> **AIM OF THE EXERCISE**: Repeat the listing exactly as given, omitting every image.

> **SUPPLIED INFORMATION**:
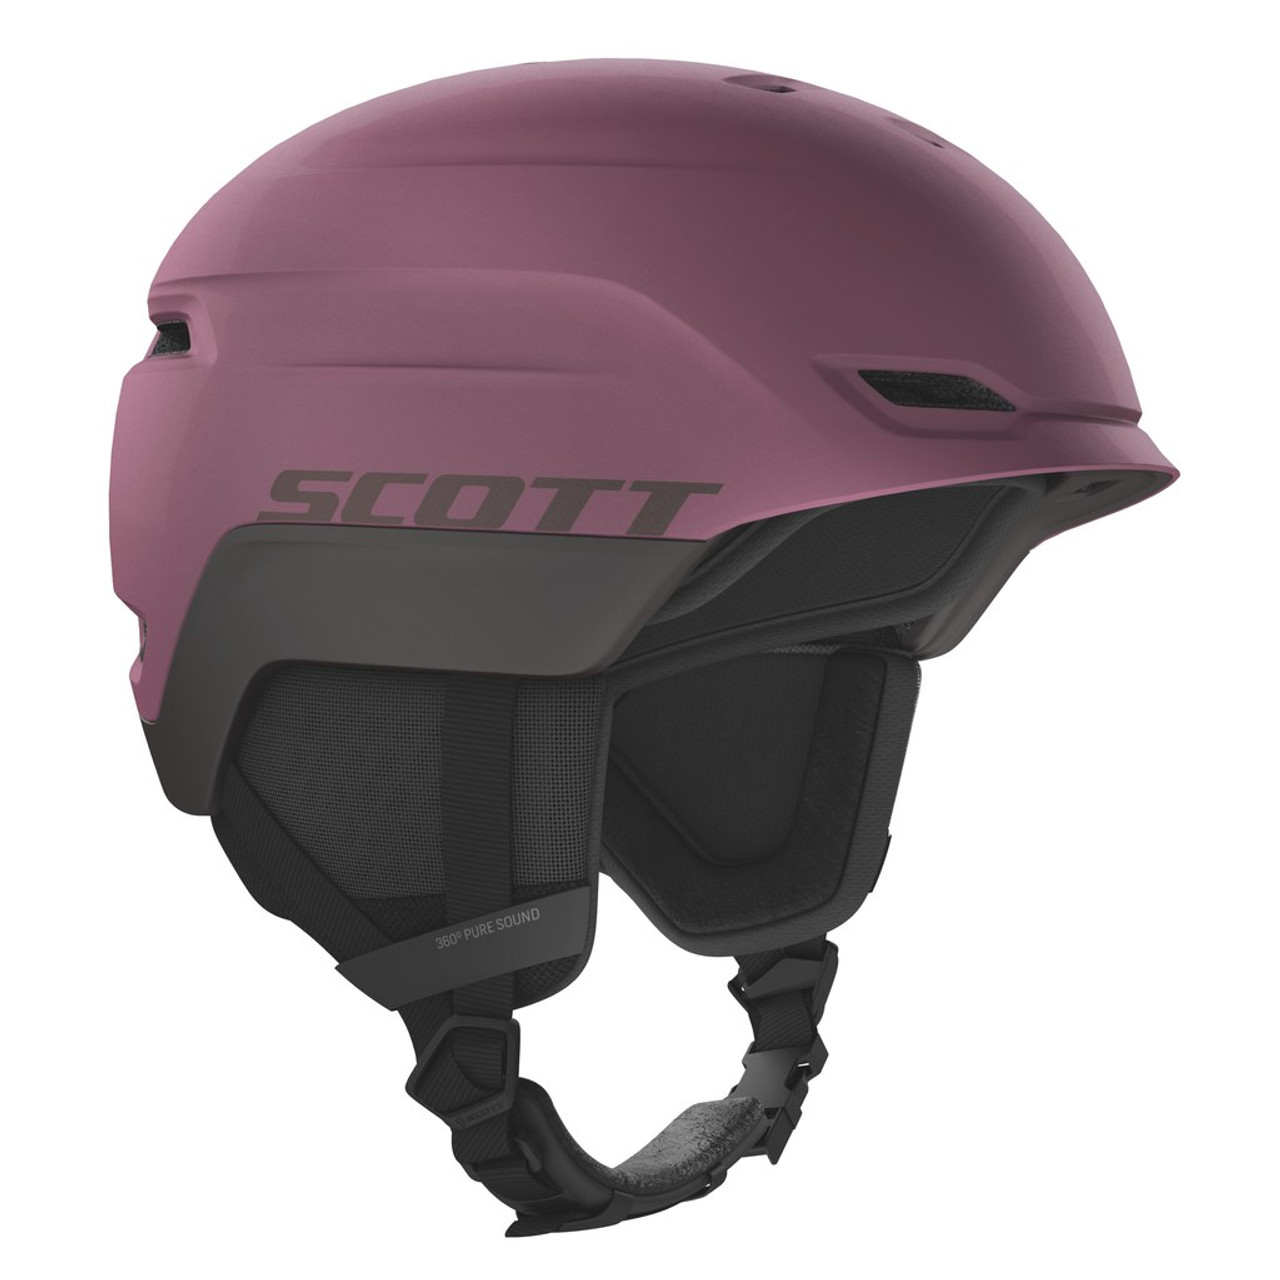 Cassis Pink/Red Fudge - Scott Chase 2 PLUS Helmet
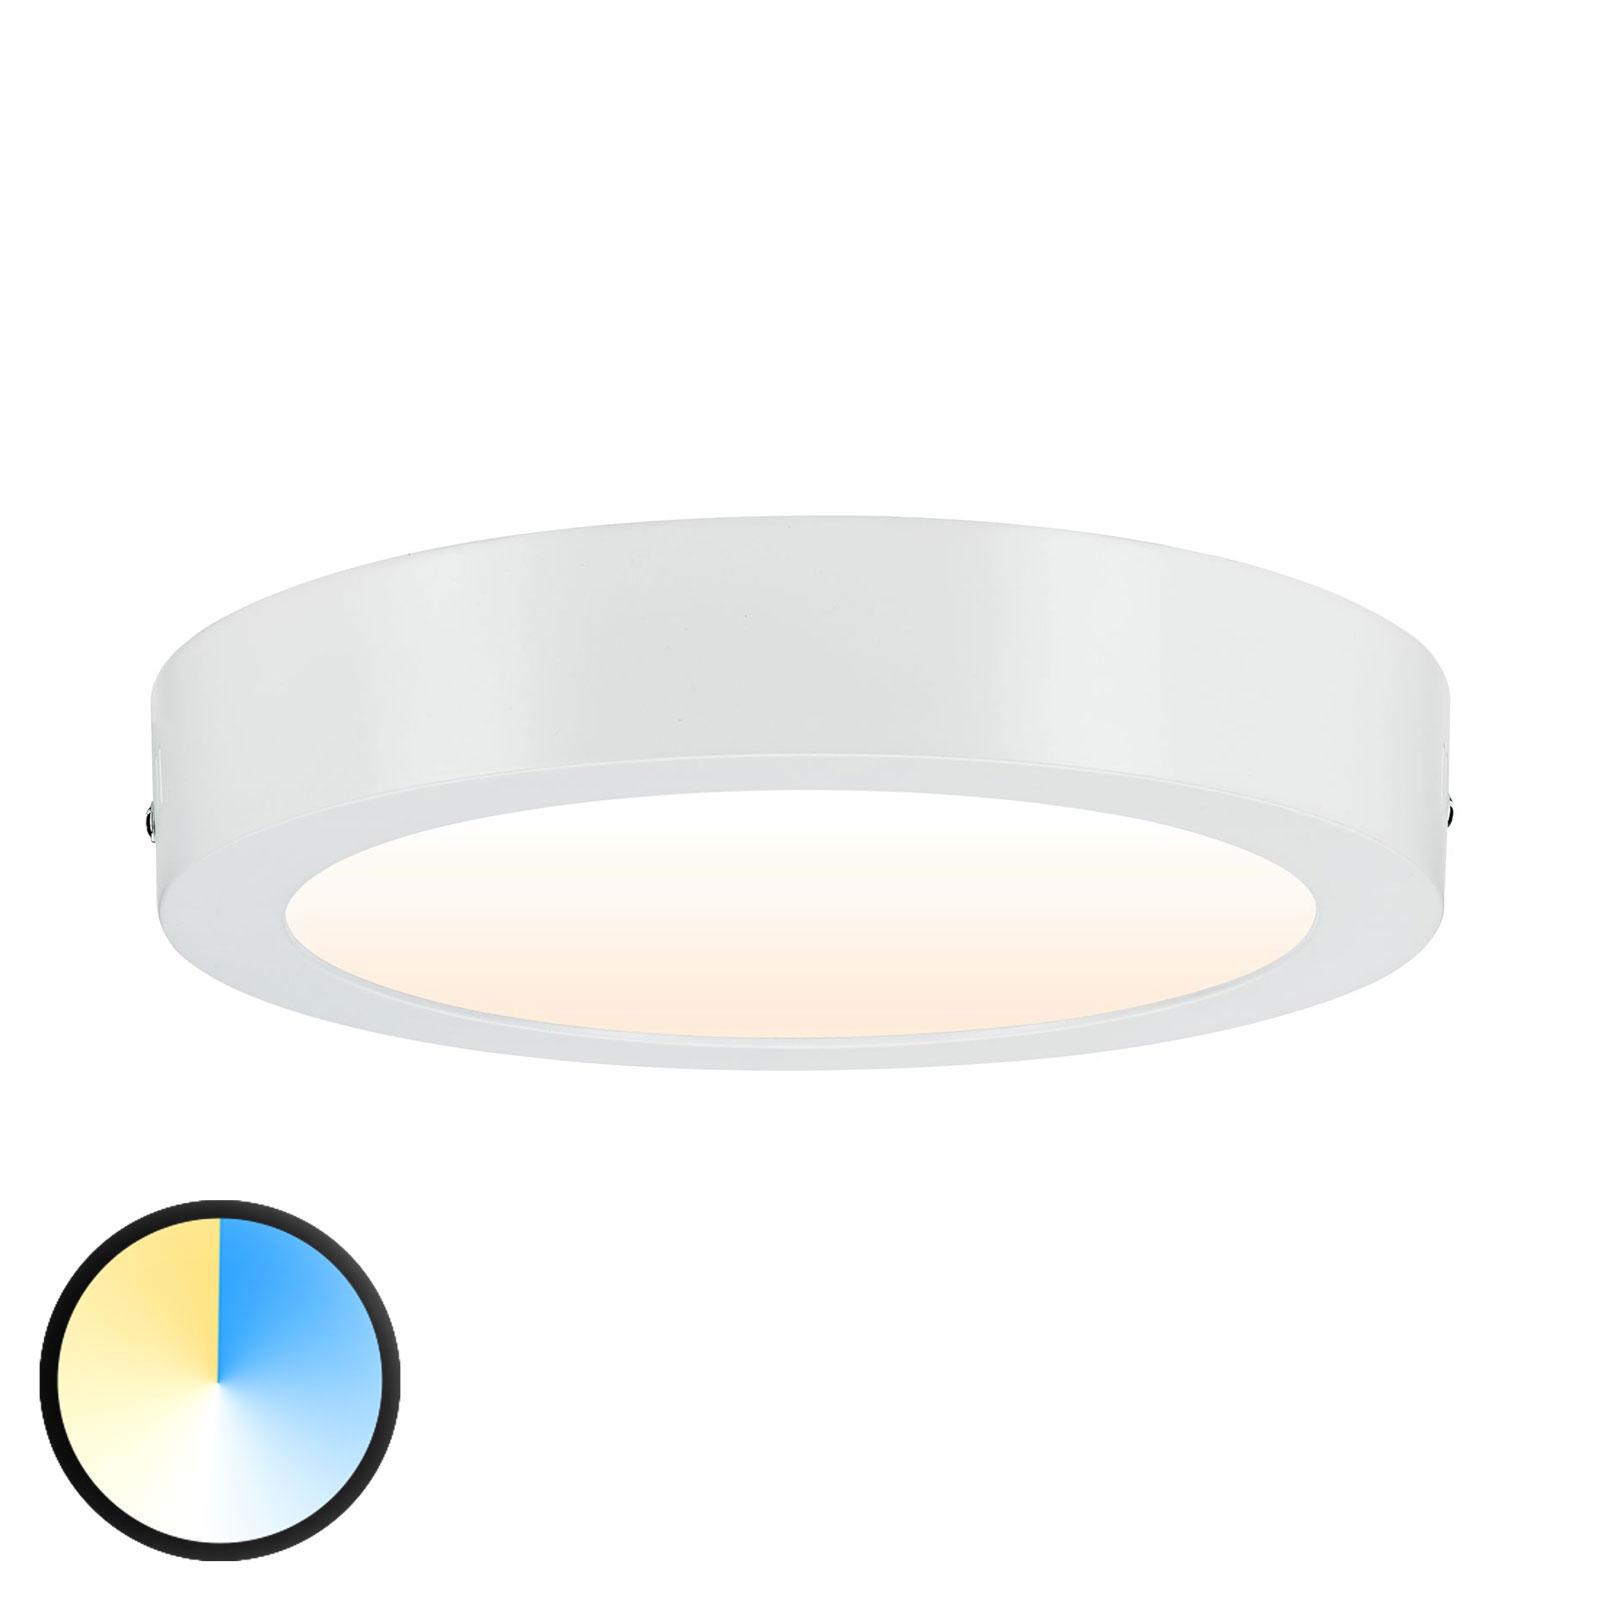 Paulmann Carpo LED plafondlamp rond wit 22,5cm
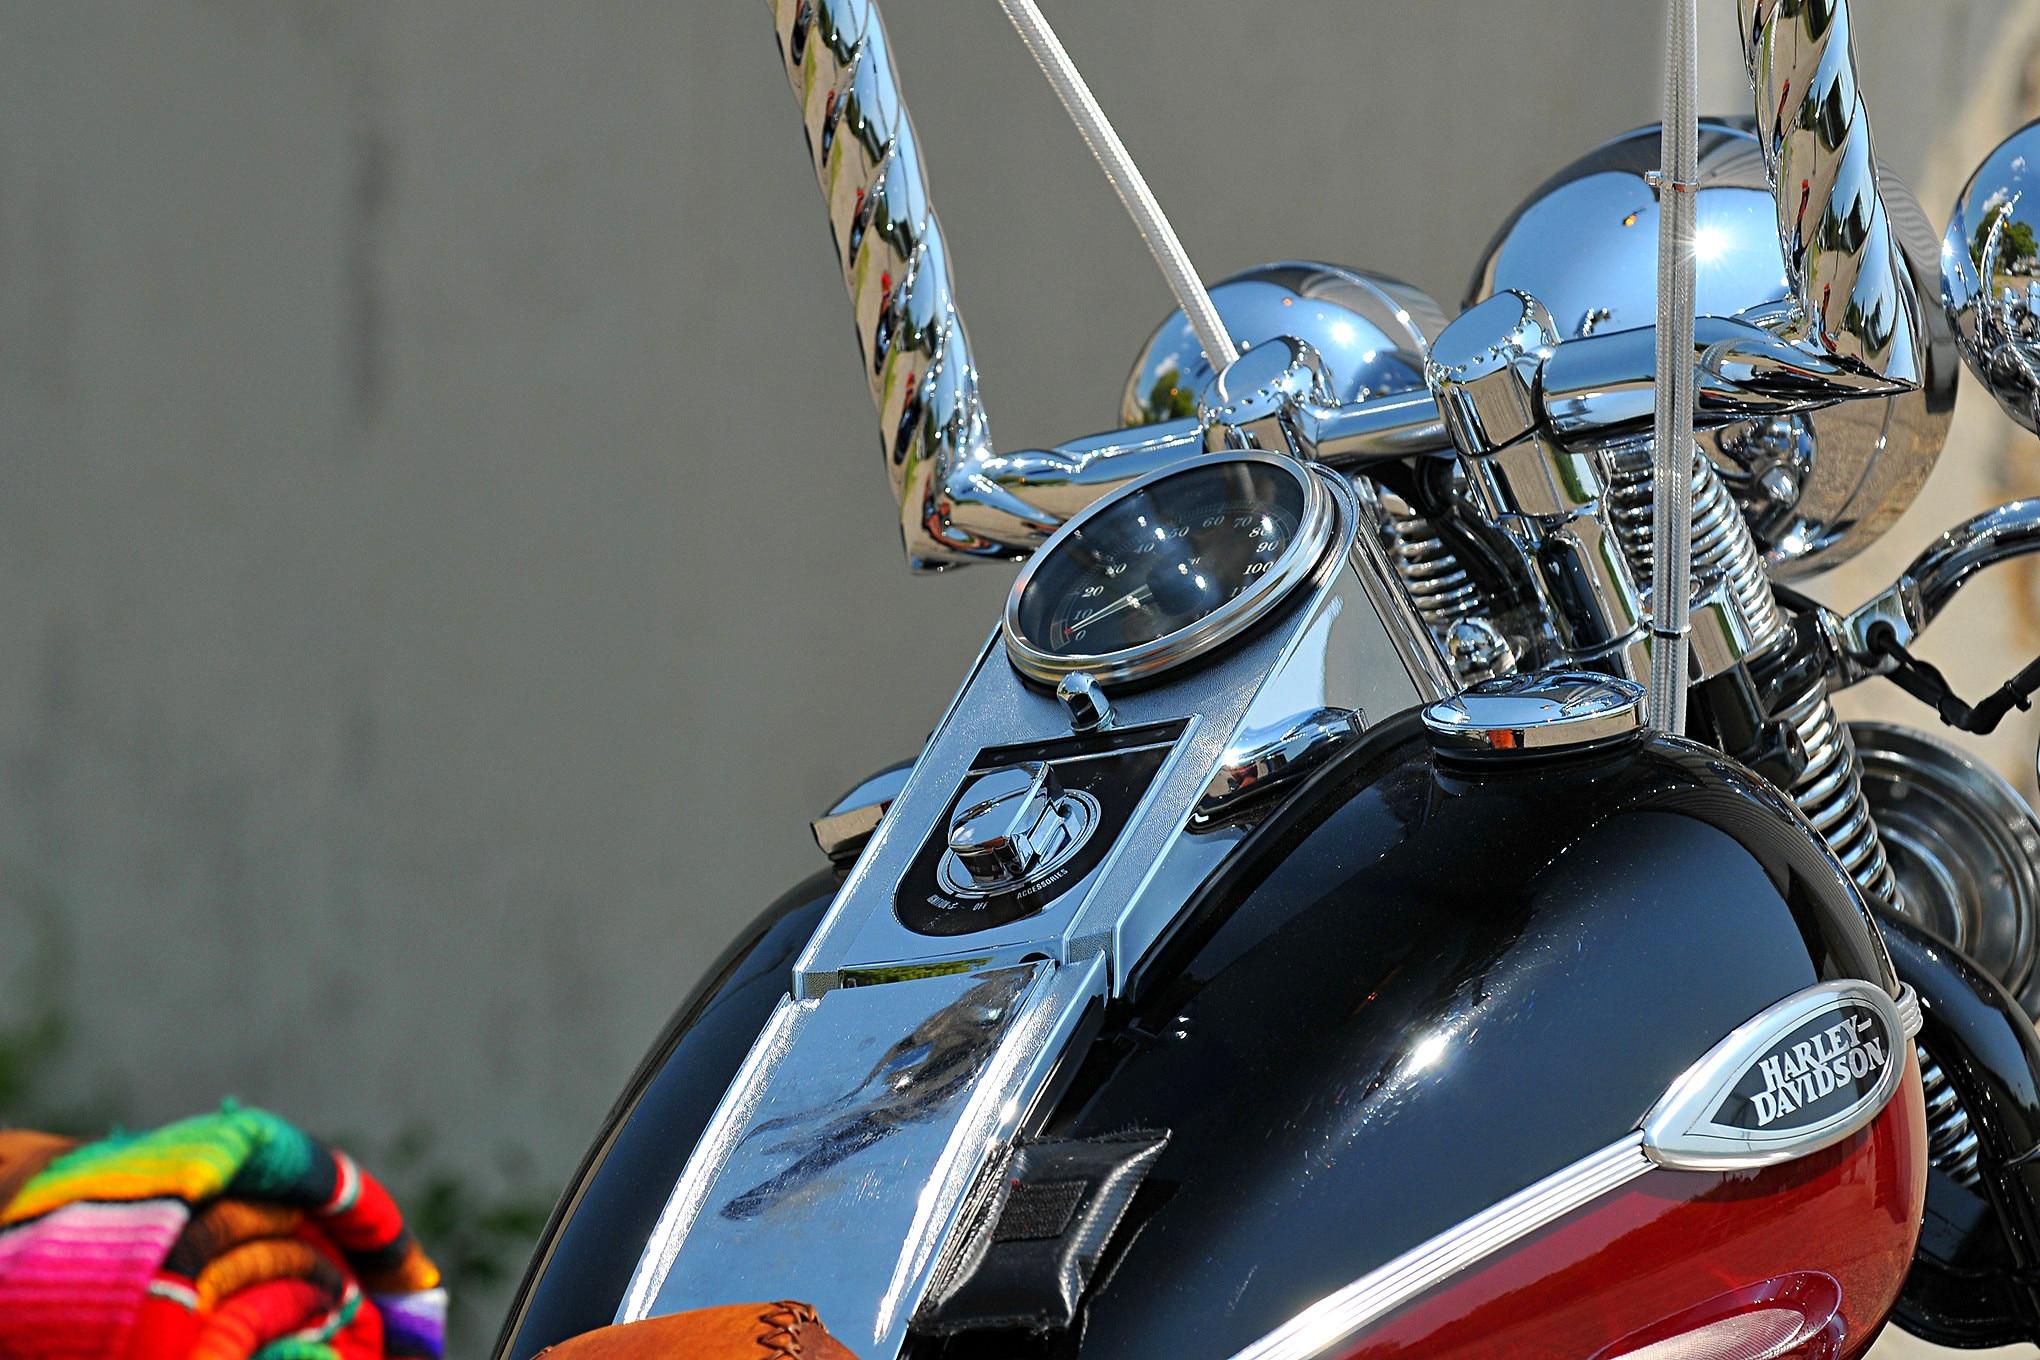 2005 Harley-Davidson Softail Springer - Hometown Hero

> **EXERCISE RESULT**:
 Cassis Pink/Red Fudge - Scott Chase 2 PLUS Helmet
 Paulmann Carpo LED plafondlamp rond wit 22,5cm
 2005 Harley-Davidson Softail Springer - Hometown Hero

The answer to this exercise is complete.